Diversifying slightly beyond the US has helped only mildly, with the iShares MSCI ACWI ETF (SSAC), which has some exposure to emerging markets, down by 4.3 per cent.
We added an equal-weight S&P 500 tracker to our Top 50 ETFs list in 2023, based on the argument that it should suffer less in a sell-off led by the likes of the Magnificent Seven.
Equal-weight strategies have their own critics, but have held up well this year: Invesco’s MSCI World Equal Weight ETF (MWEQ) is off by just 0.1 per cent so far in 2025, for example.
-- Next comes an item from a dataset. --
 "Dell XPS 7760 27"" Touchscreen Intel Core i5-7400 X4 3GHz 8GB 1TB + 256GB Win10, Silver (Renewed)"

Other global trackers that focus less on the most dominant US stocks have dodged a bullet, too. Vanguard’s multi-asset LifeStrategy funds stand out in part due to their bias towards UK equities and lower US allocation compared with a standard MSCI tracker, and that has helped of late.
US equities now make up 70 per cent of the MSCI World Index
Vanguard LifeStrategy 100% Equity (GB00B41XG308) is down by 2.3 per cent so far this year. As bonds help offset equities’ struggles, the LifeStrategy funds with the highest bond (and lowest equity) exposure have fared better still.
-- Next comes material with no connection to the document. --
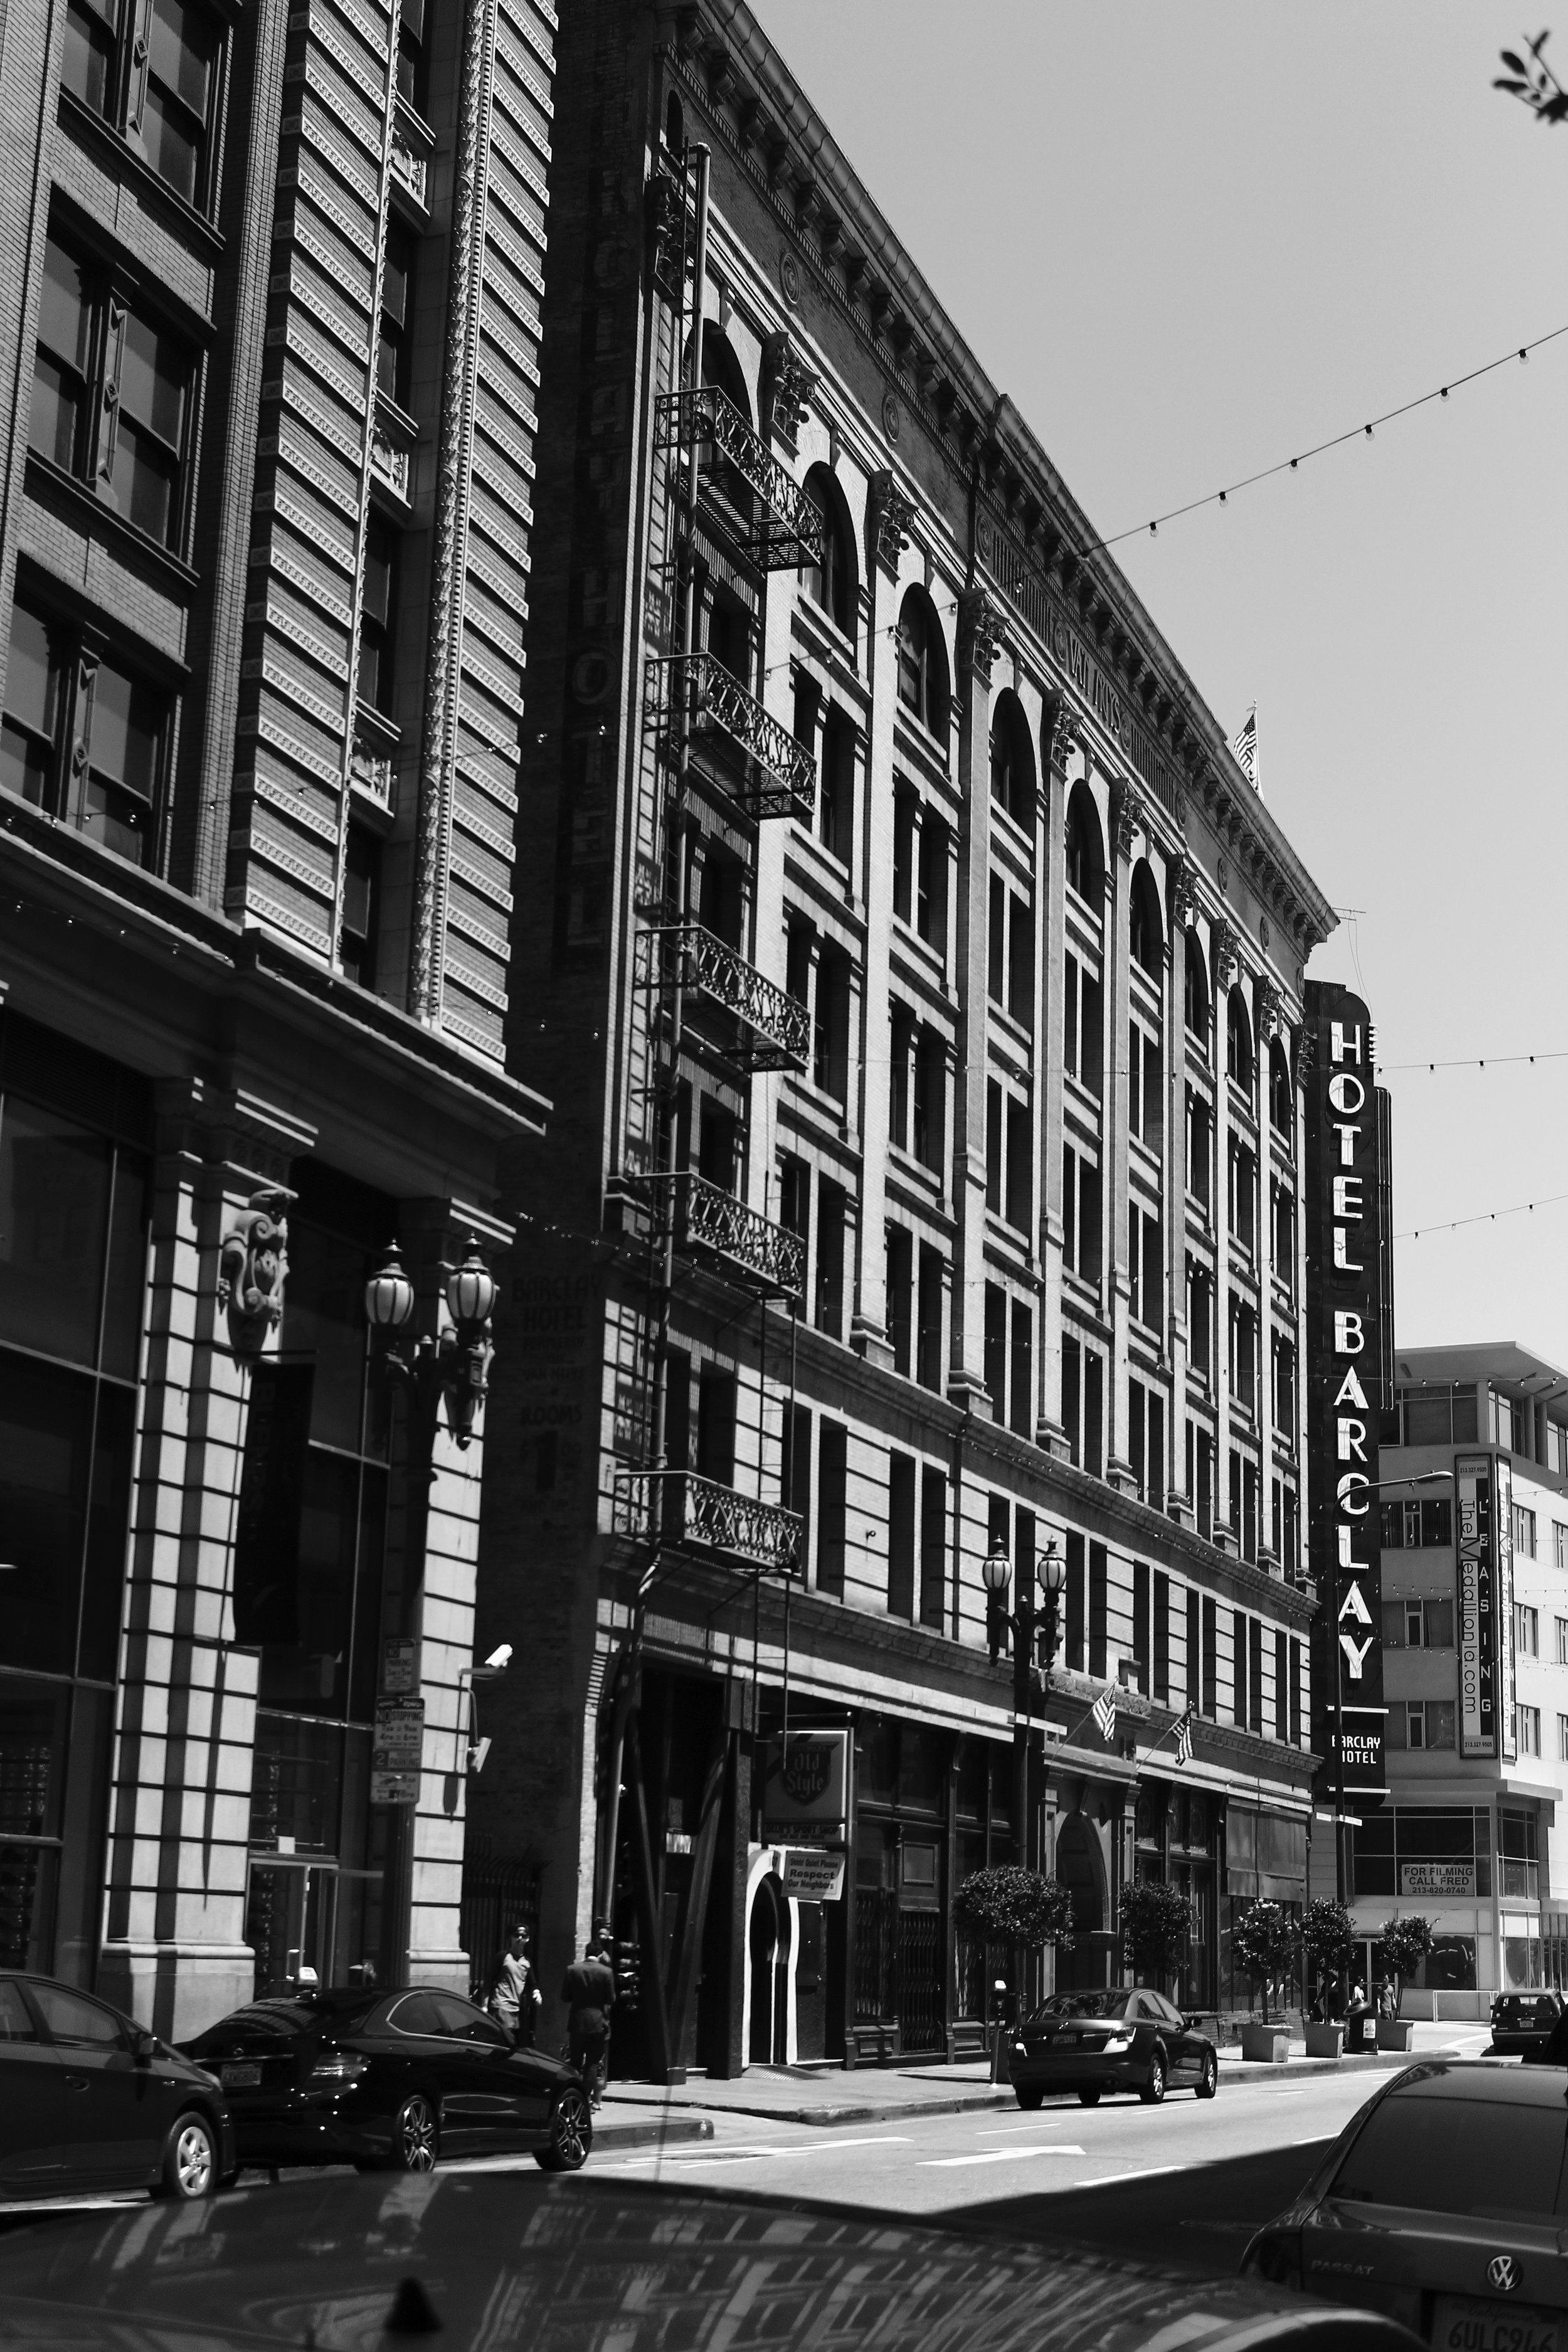 Javier, Street Photography

There are other winners. The Investment Association has several sectors that include multi-asset funds, and the strongest performer from its Mixed Investment 40-85 per cent Shares sector, EdenTree Managed Income (GB0009449710), invests mainly in equities (and mainly in the UK) in its hunt for yield. It appears to have benefited from the fact that income shares and UK large-cap shares have held up well.
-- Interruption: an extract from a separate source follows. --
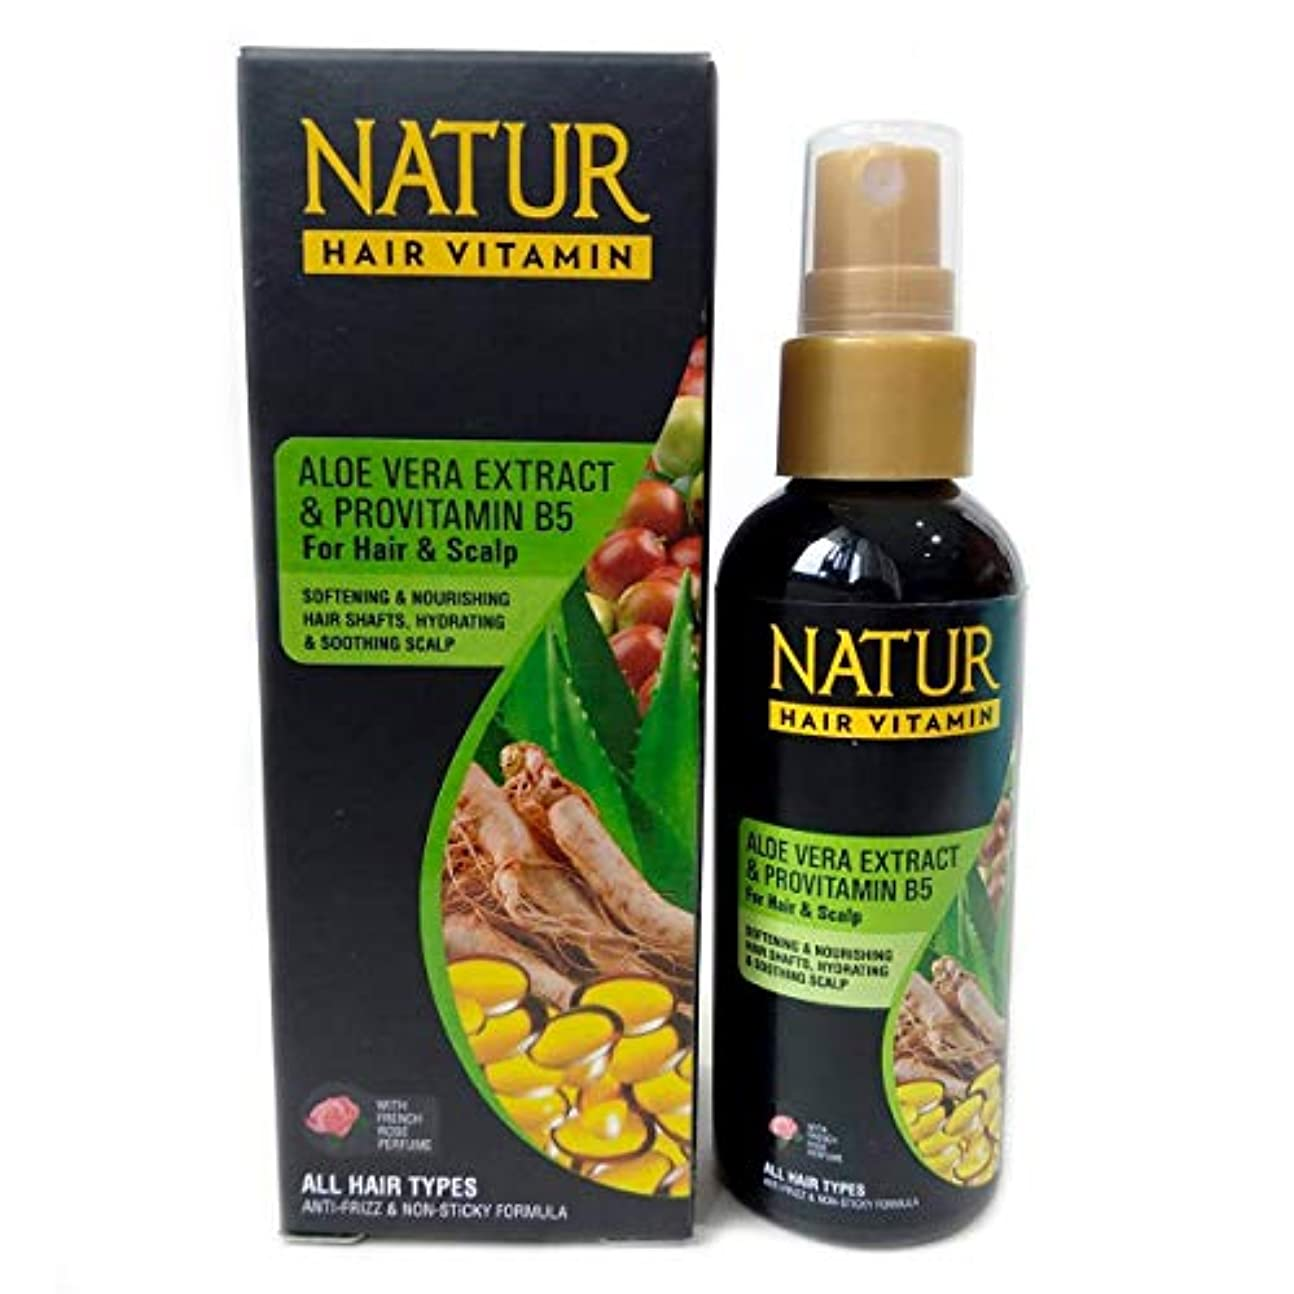 NATUR ナトゥール 天然植物エキス配合 Hair Vitamin ハーバルヘアビタミン 80ml Aloe vera&Provitamin B5 アロエベラ&プロビタミンB5 [海外直商品]

One beauty of tracker funds is that they can adapt to the shifting composition of markets over time, meaning the MSCI World index will adjust accordingly if US equities go through a prolonged slump, although this would take a while to play out.
But recent events will remind investors that betting too heavily on one subset of companies can come with risks, and that diversification is the best shot we have at protection in tricky times.